• Dataset records:
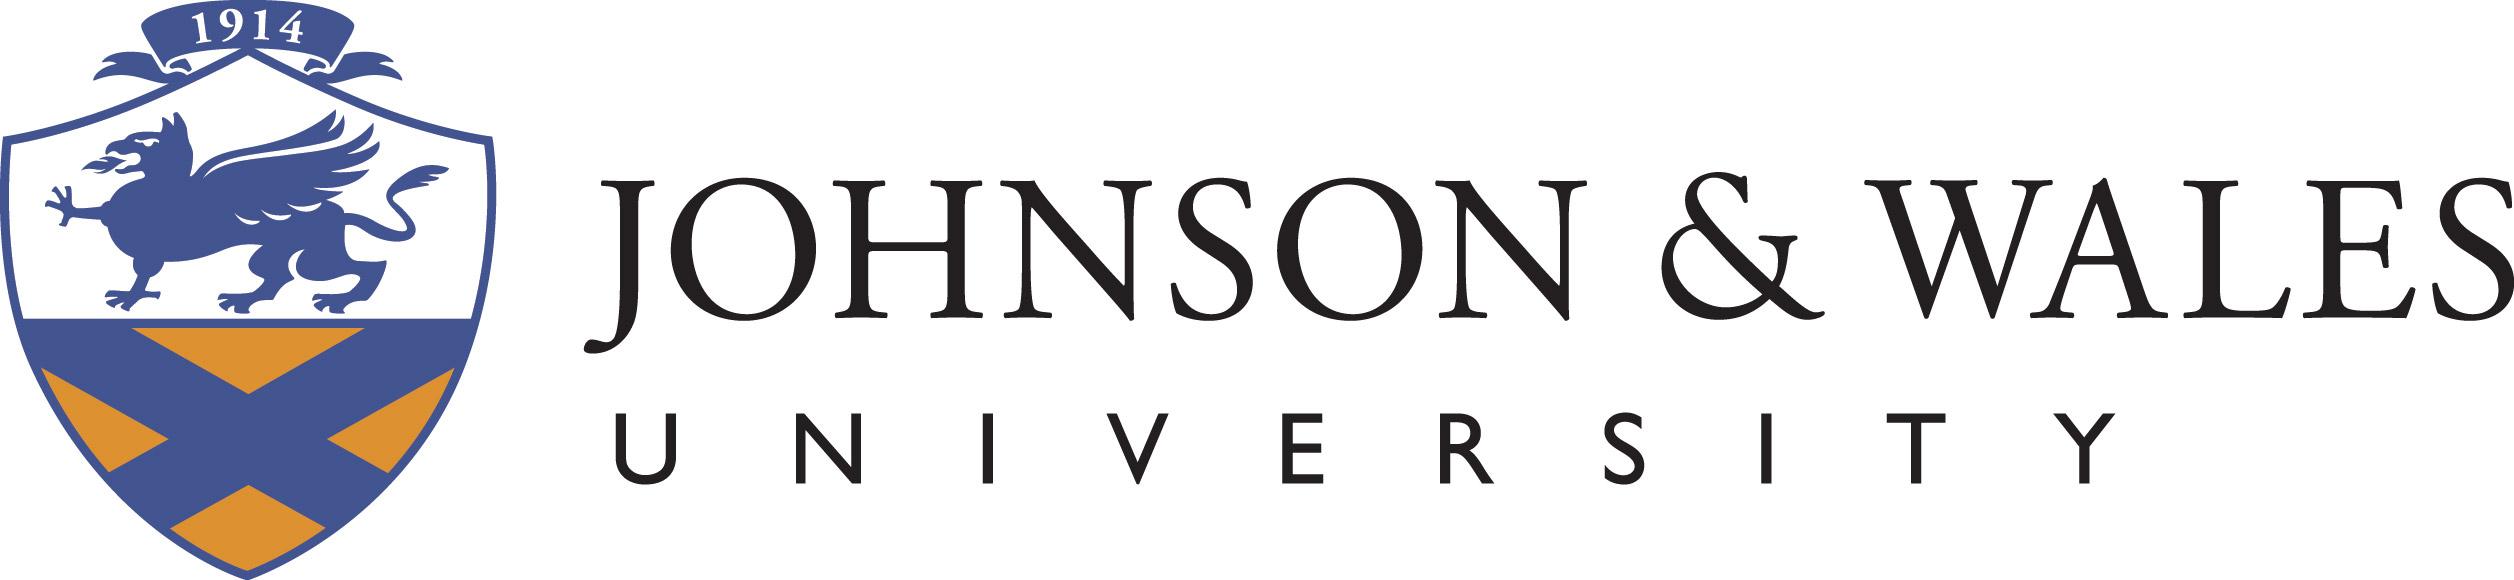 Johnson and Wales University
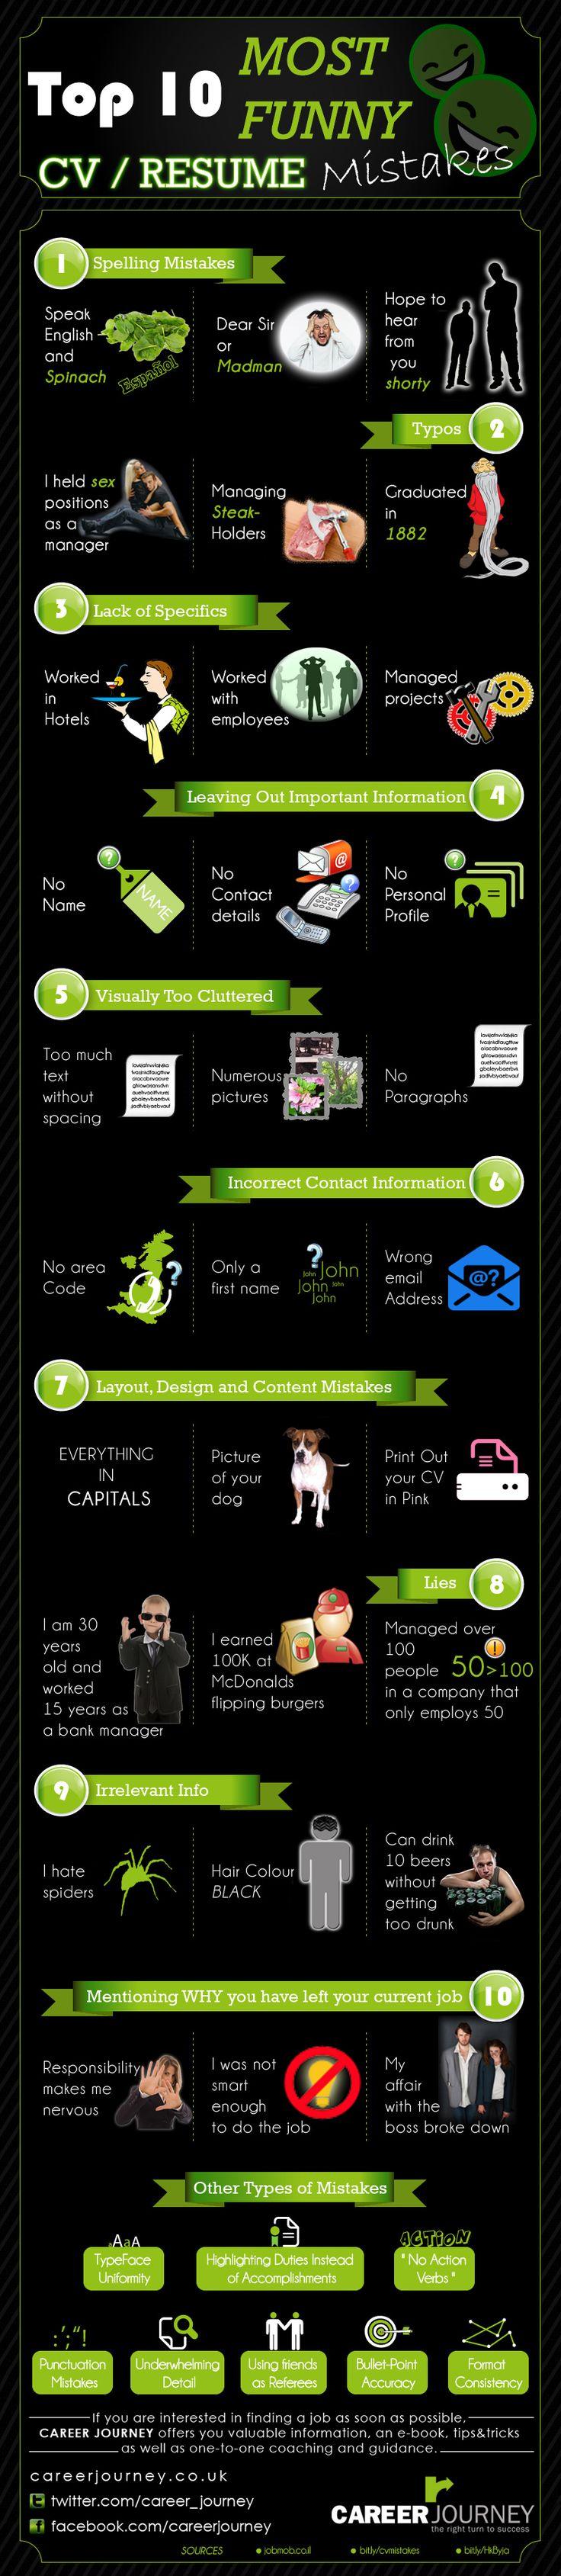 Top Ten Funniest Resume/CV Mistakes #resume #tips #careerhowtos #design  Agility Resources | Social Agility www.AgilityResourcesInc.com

...

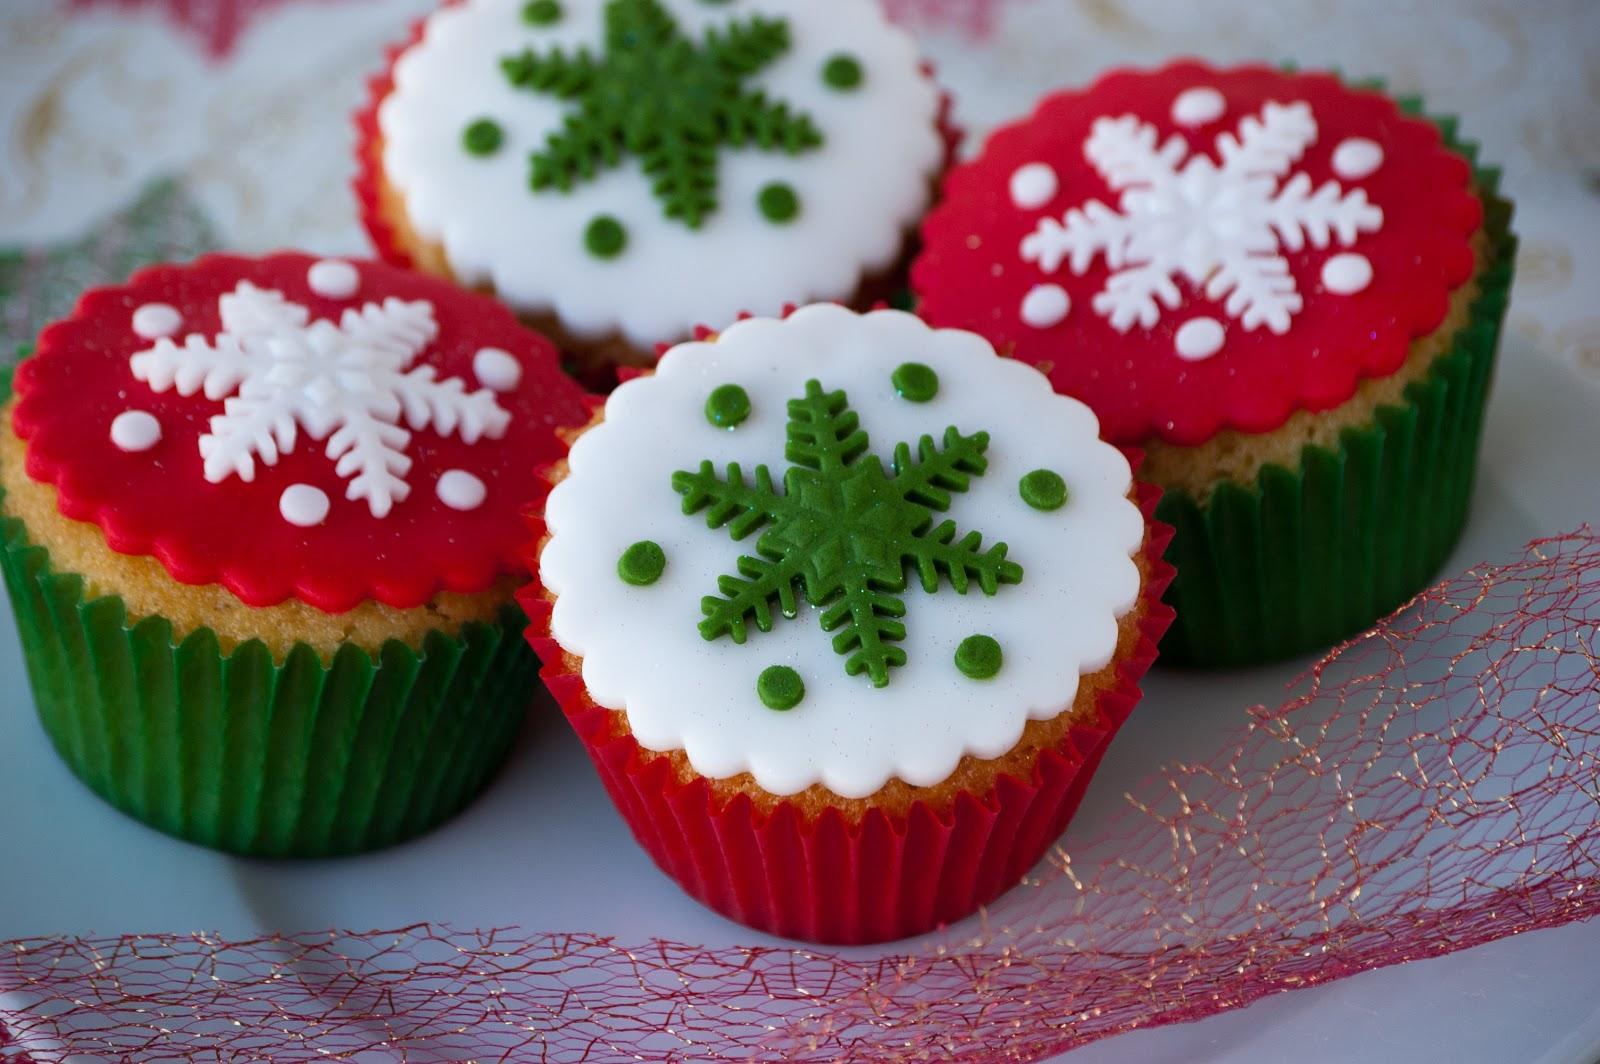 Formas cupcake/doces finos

• What the exercise asks:
Working from the data above, repeat exactly, and only, the lines that begin at the line containing "Johnson and Wales University" and stop after the line containing "Top Ten Funniest"; pictures are not copied.

• Task result:
 Johnson and Wales University
 Top Ten Funniest Resume/CV Mistakes #resume #tips #careerhowtos #design  Agility Resources | Social Agility www.AgilityResourcesInc.com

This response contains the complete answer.